WNRA-LP
- Hawk Pride, Alabama; United States;
- Broadcast area: Muscle Shoals, Alabama
- Frequency: 94.5 MHz
- Branding: Real Country 94.5 FM

Programming
- Format: Classic country

Ownership
- Owner: NAHF, Inc.; (Northern Alabama Historical Foundation);

History
- First air date: June 22, 2015
- Former call signs: WSHF-LP (2014–2022)
- Former frequencies: 92.3 MHz (2014–2019)
- Call sign meaning: "National Recovery Administration"

Technical information
- Licensing authority: FCC
- Facility ID: 194014
- Class: L1
- ERP: 100 watts
- HAAT: −2.117558 meters (−6.94737 ft)
- Transmitter coordinates: 34°41′58.4″N 87°45′15.4″W﻿ / ﻿34.699556°N 87.754278°W

Links
- Public license information: LMS
- Website: wnraradio.com

= WNRA-LP =

WNRA-LP (94.5 FM, "The Voice of The Shoals") is a radio station licensed to serve Hawk Pride, Alabama. The station is owned by NAHF Inc. It airs a heavy schedule of local news, traffic, and weather information.

==History==
NAHF, Inc. applied for a low-power FM license on 92.3 FM in late 2013. The station was assigned the WSHF-LP call letters by the Federal Communications Commission on February 17, 2014. The WSHF call letters were originally assigned to AM 1380 in Sheffield, owned by Daylight Broadcasting. This first WSHF was founded by Dick Biddle, who surrendered the station's license to purchase WOWL (1240 AM) in 1952. The WSHF call letters were later used by AM 1290 in Sheffield from 1963 to 1985, when it became WHCM. WSHF-LP signed on the air June 22, 2015, positioning itself as "The Sound of Muscle Shoals". A similar format had previously been used in the area on WLAY (1450 AM), which operated an FM translator on 92.3 from 2007 to 2012.

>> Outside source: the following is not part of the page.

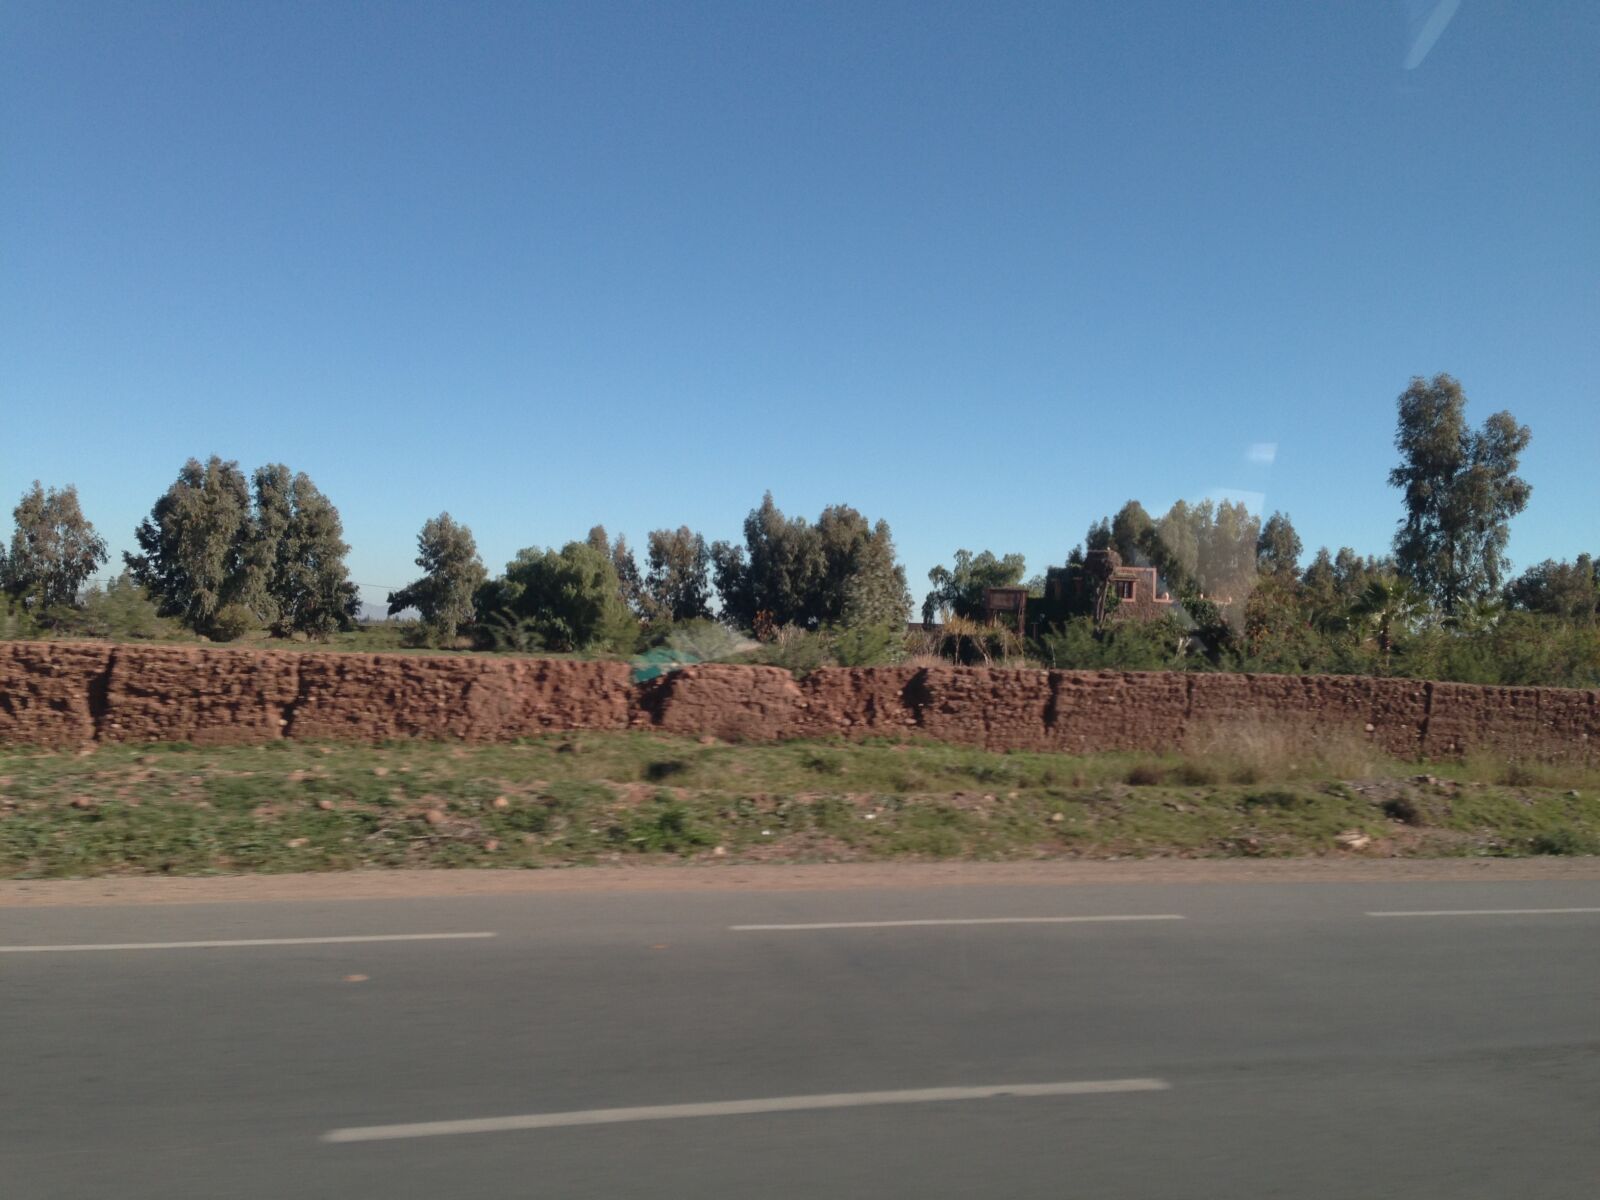 Apple iPhone 5 sample photo. Country, road, marrakech photography

On October 1, 2019, WSHF-LP announced it would move up the FM dial from 92.3 to 94.5 FM. The station cited continued interference from a co-channel station in Tennessee as the reason for its move up the FM dial.

Following the deletion of AM station WNRA (1240 AM) in Eufaula, Alabama, the station changed its call sign to WNRA-LP on July 16, 2022. By reclaiming the call letters, the station continued a tradition of broadcasting that dates all the way back to November 1933 when WNRA (1420 AM; the forerunner of WLAY) signed on the air as the first station in northwest Alabama.